DATA RECORDS
═══

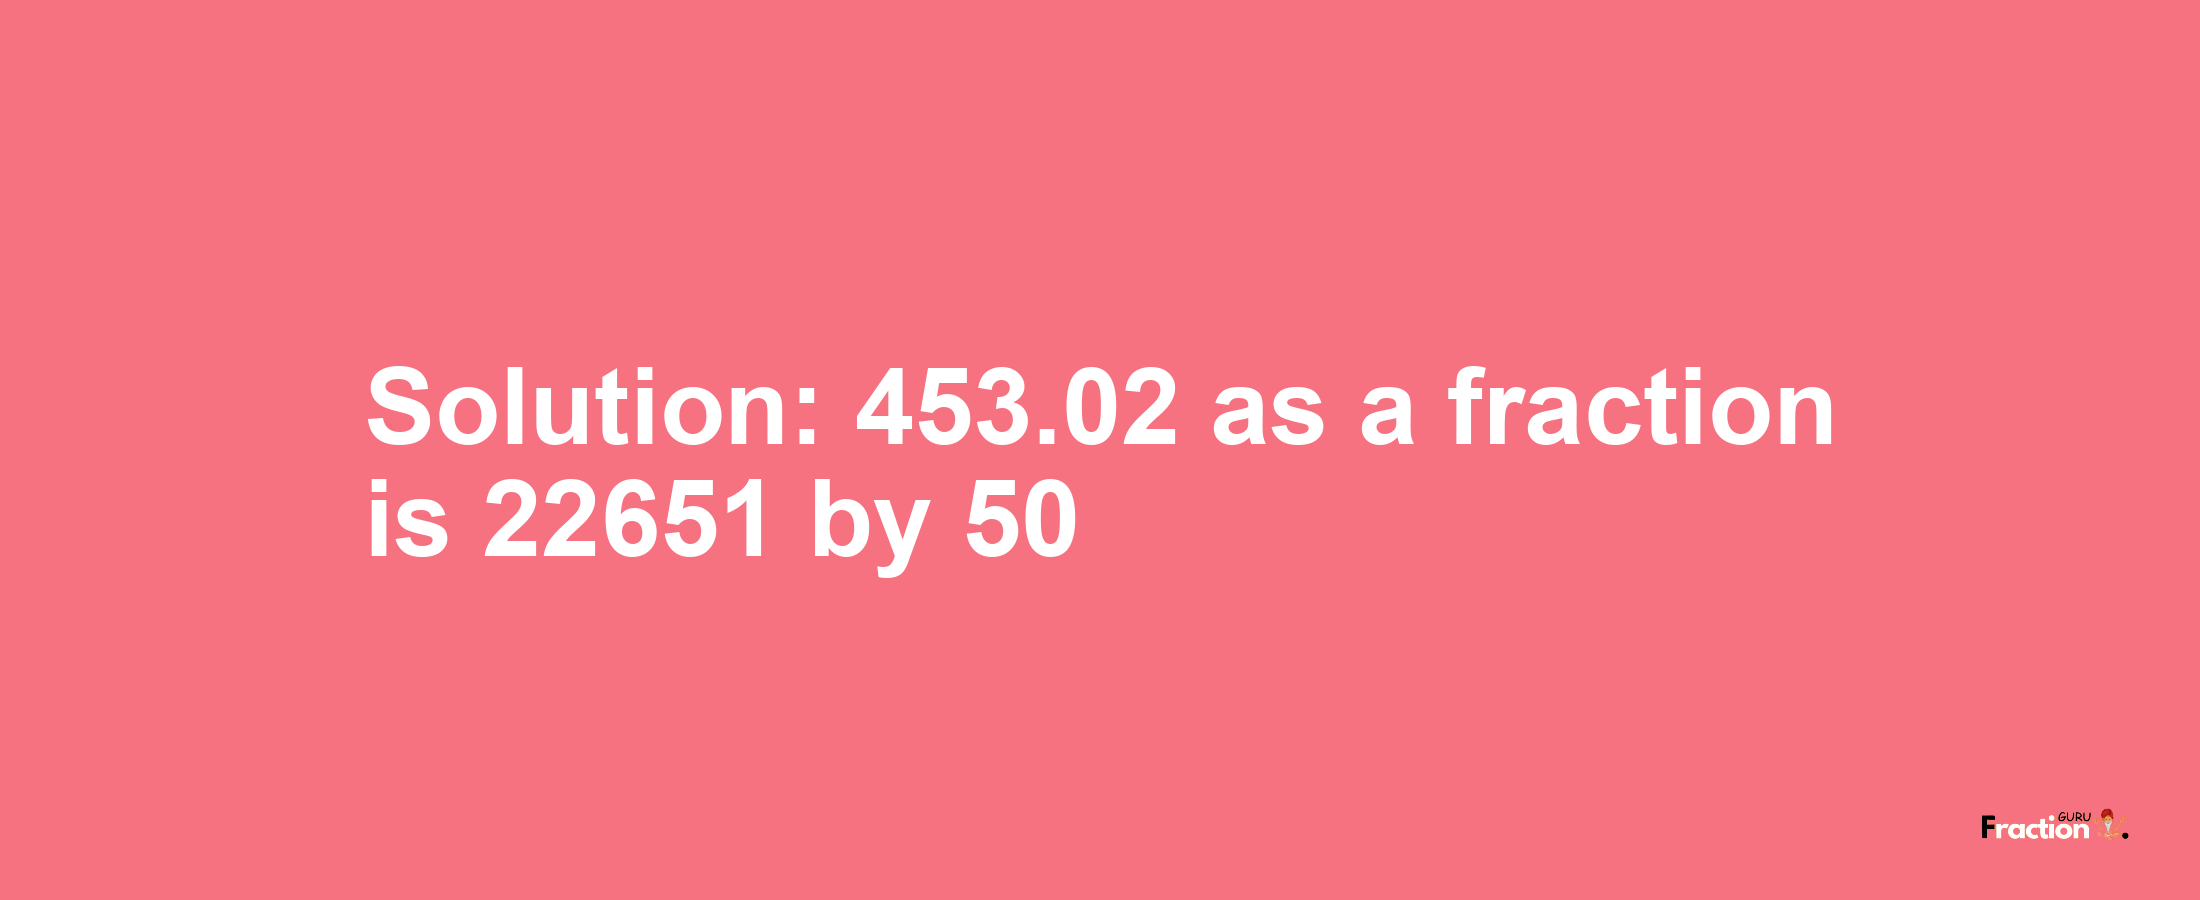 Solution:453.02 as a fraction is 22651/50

═══

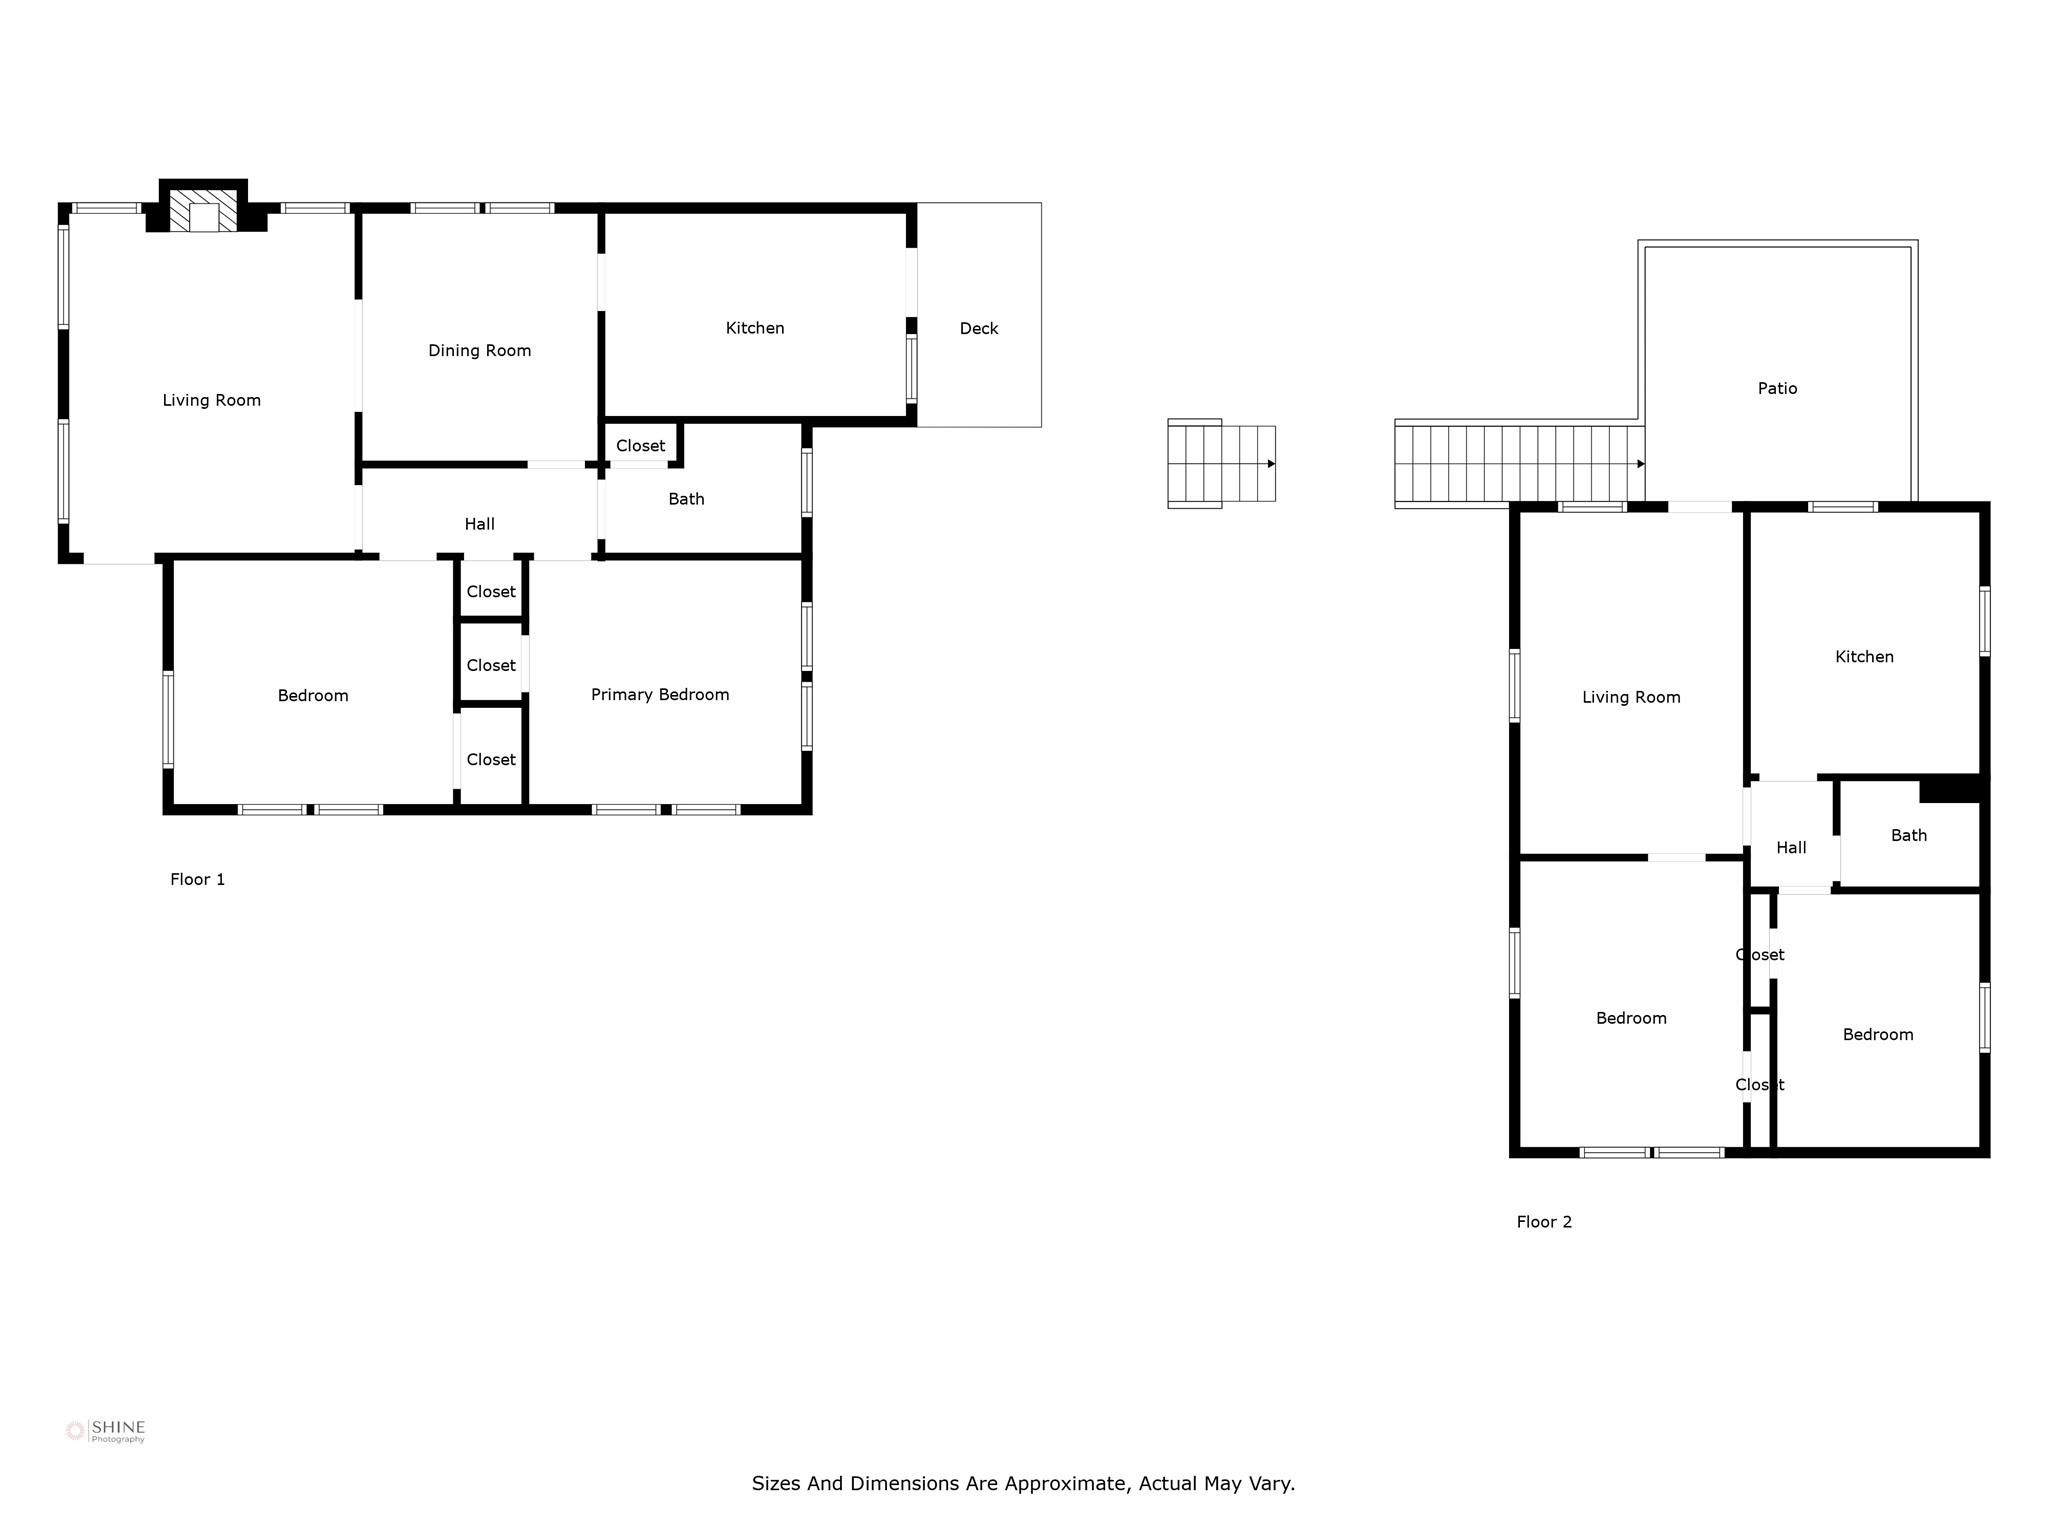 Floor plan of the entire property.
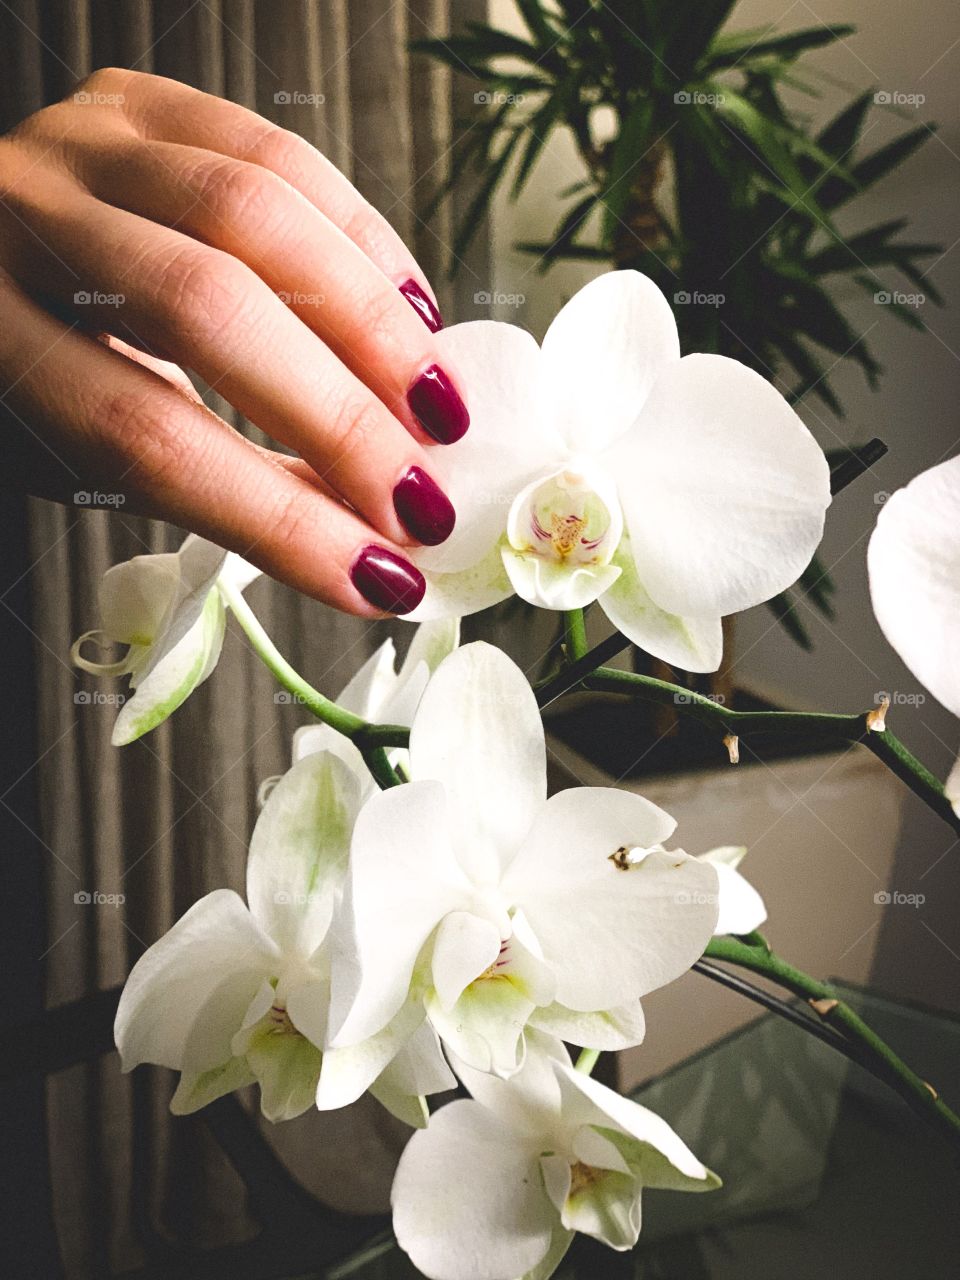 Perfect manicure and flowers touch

═══

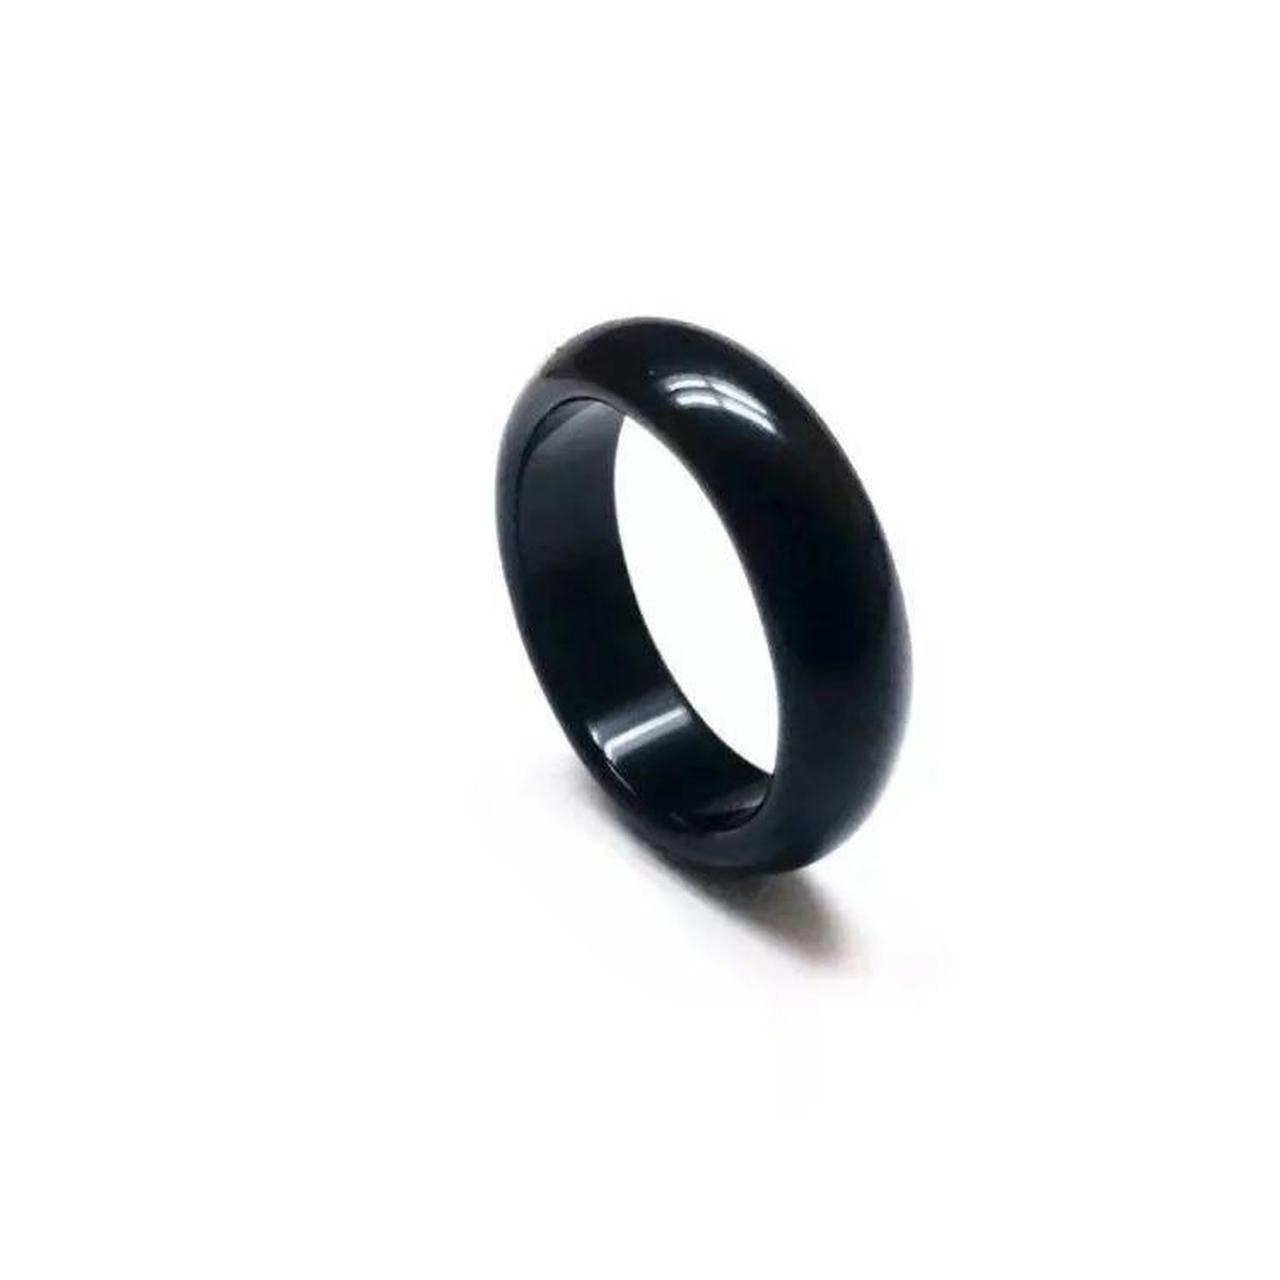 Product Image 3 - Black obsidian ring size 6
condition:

═══

GOAL OF THE EXERCISE
Look through the listing above for the line with "Floor plan of the entire property." and the line with "Perfect manicure and flowers touch". Write out exactly those lines and everything between, leaving out pictures.

RESPONSE TO THE EXERCISE
 Floor plan of the entire property.
 Perfect manicure and flowers touch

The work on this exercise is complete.